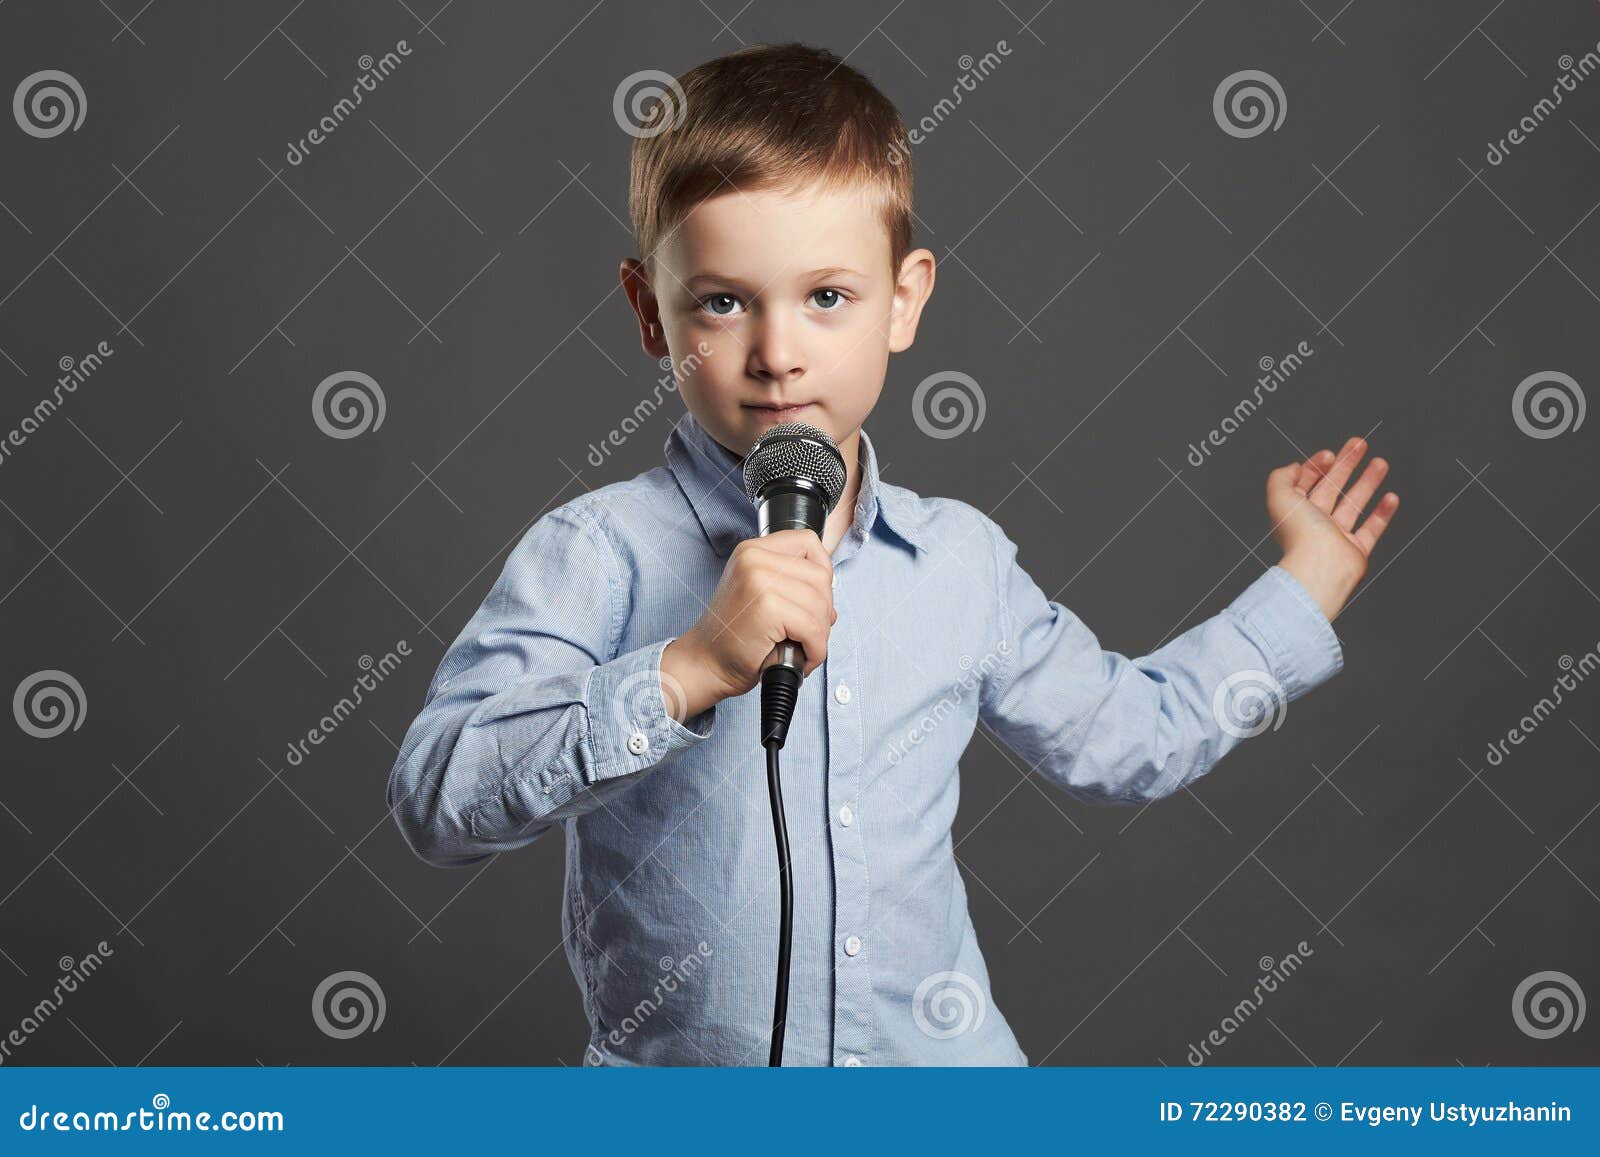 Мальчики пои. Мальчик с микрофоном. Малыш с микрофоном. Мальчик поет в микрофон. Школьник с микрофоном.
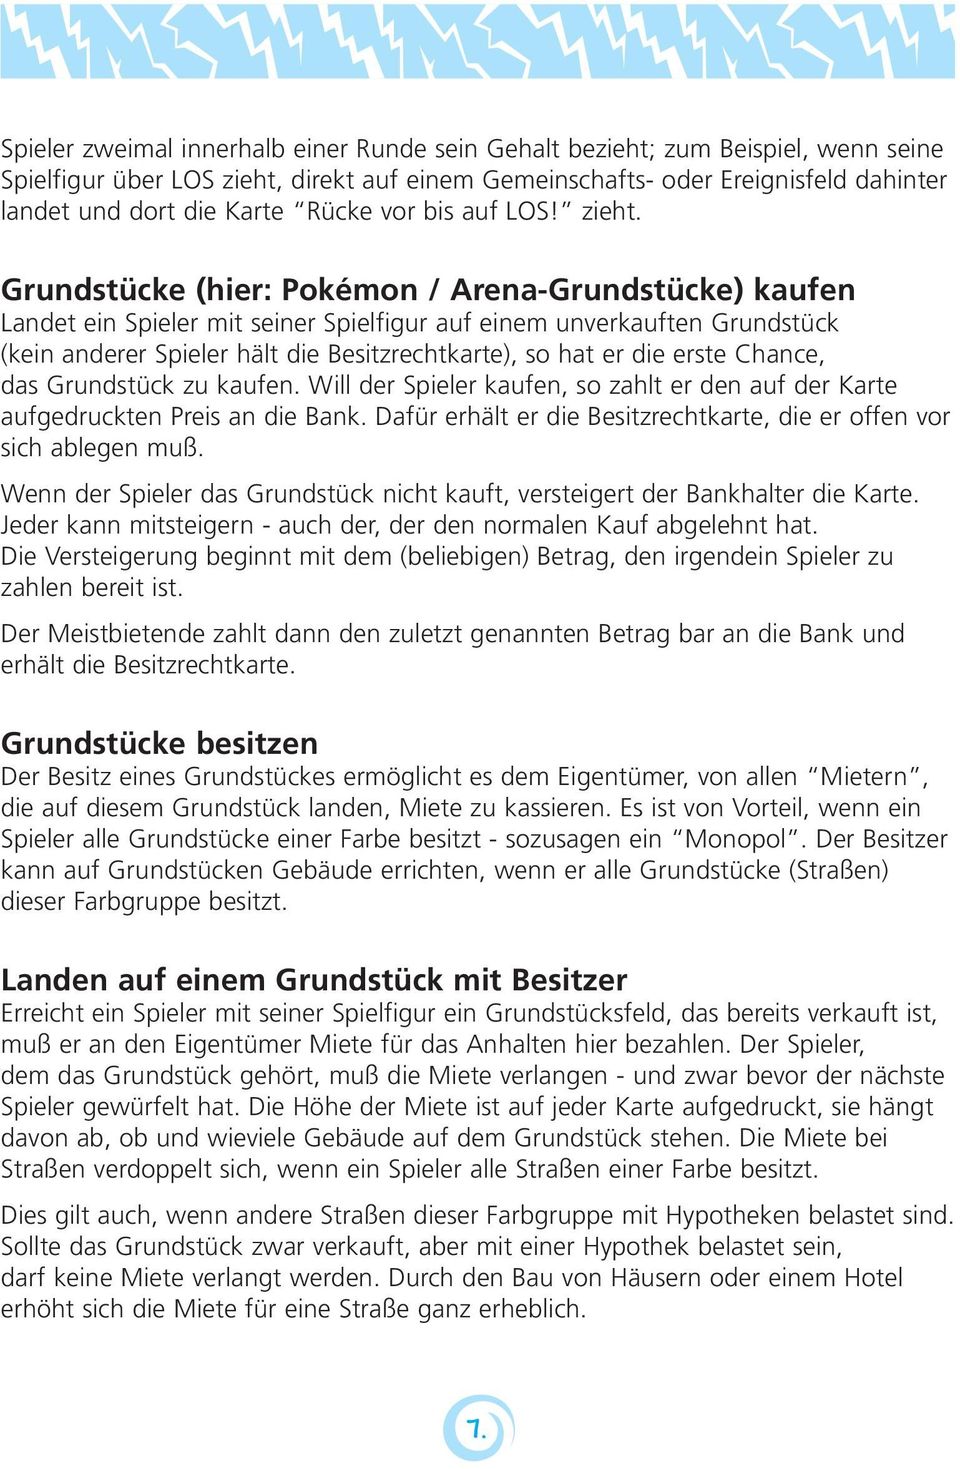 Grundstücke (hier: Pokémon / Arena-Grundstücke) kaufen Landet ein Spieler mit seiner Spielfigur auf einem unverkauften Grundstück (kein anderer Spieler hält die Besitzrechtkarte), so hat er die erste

------------------------------------

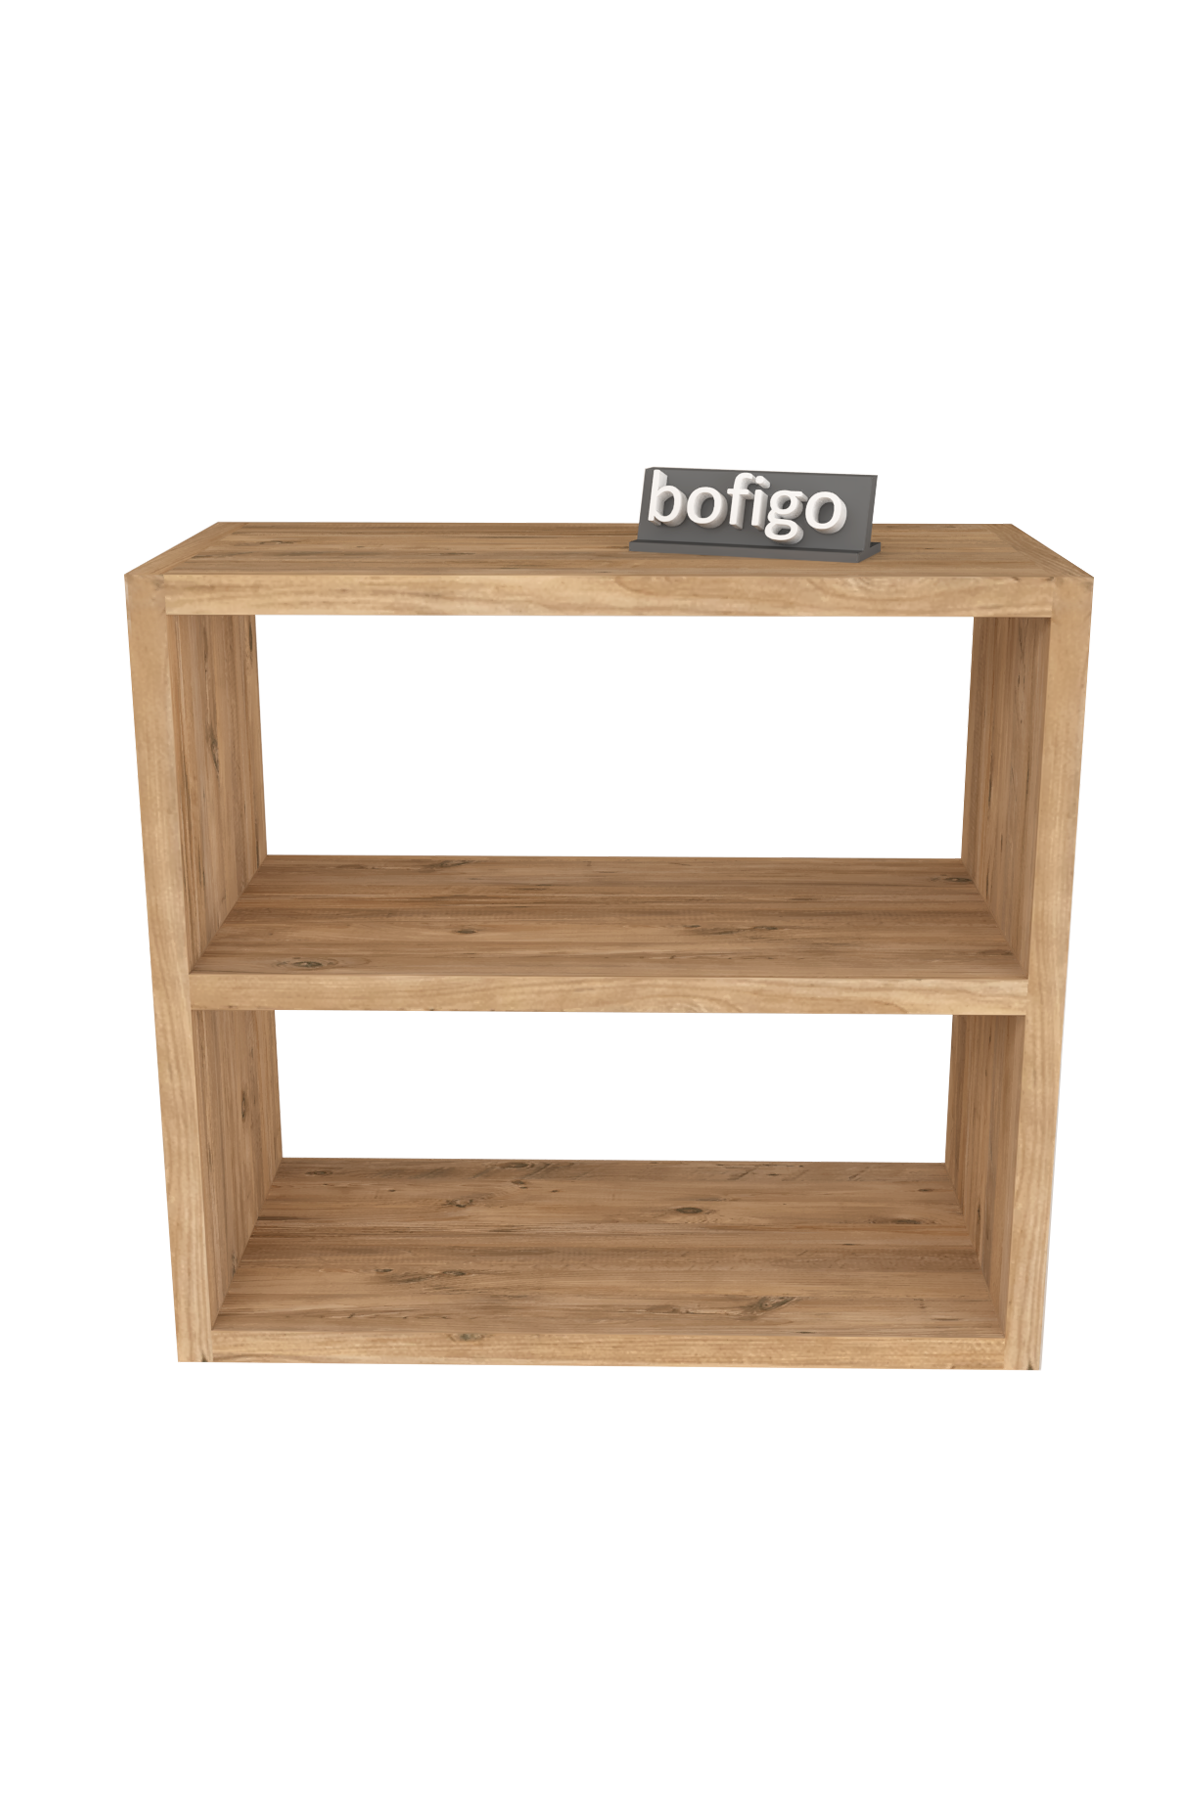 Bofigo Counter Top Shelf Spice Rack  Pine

------------------------------------

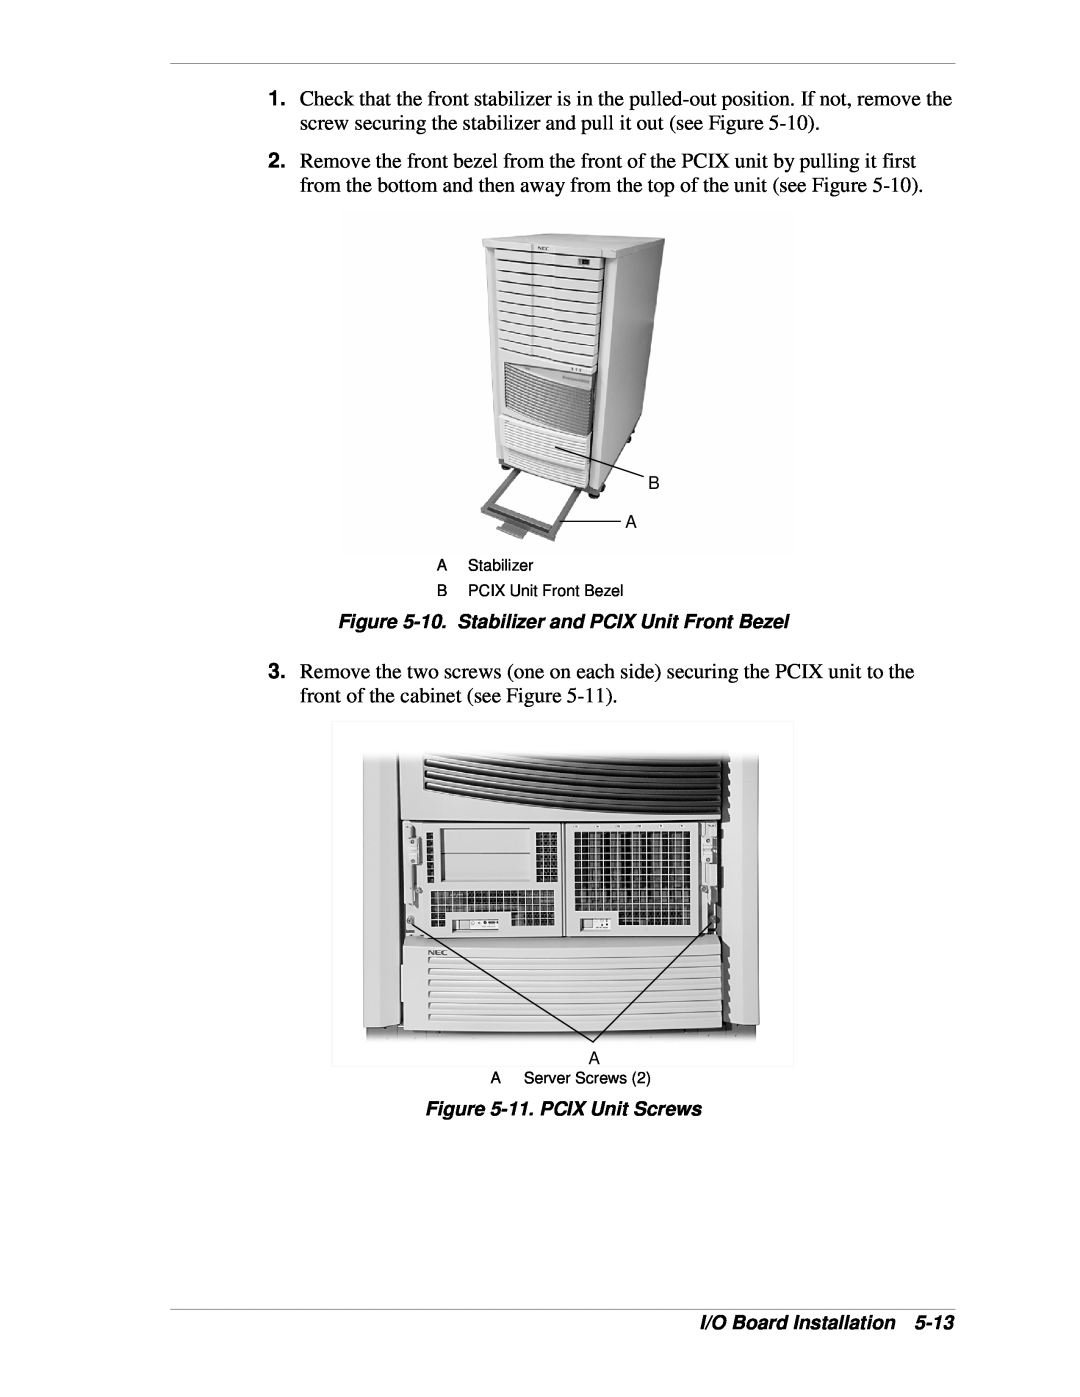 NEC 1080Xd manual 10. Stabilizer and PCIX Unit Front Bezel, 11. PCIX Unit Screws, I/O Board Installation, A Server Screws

------------------------------------

● **Problem to work on**
In the material above, one part opens with the line containing "Мальчики пои. Мальчик" and closes with the line containing "Grundstücke (hier: Pokémon". Write out that part exactly and skip its pictures.

● **Exercise solution**
 Мальчики пои. Мальчик с микрофоном. Малыш с микрофоном. Мальчик поет в микрофон. Школьник с микрофоном.
 Grundstücke (hier: Pokémon / Arena-Grundstücke) kaufen Landet ein Spieler mit seiner Spielfigur auf einem unverkauften Grundstück (kein anderer Spieler hält die Besitzrechtkarte), so hat er die erste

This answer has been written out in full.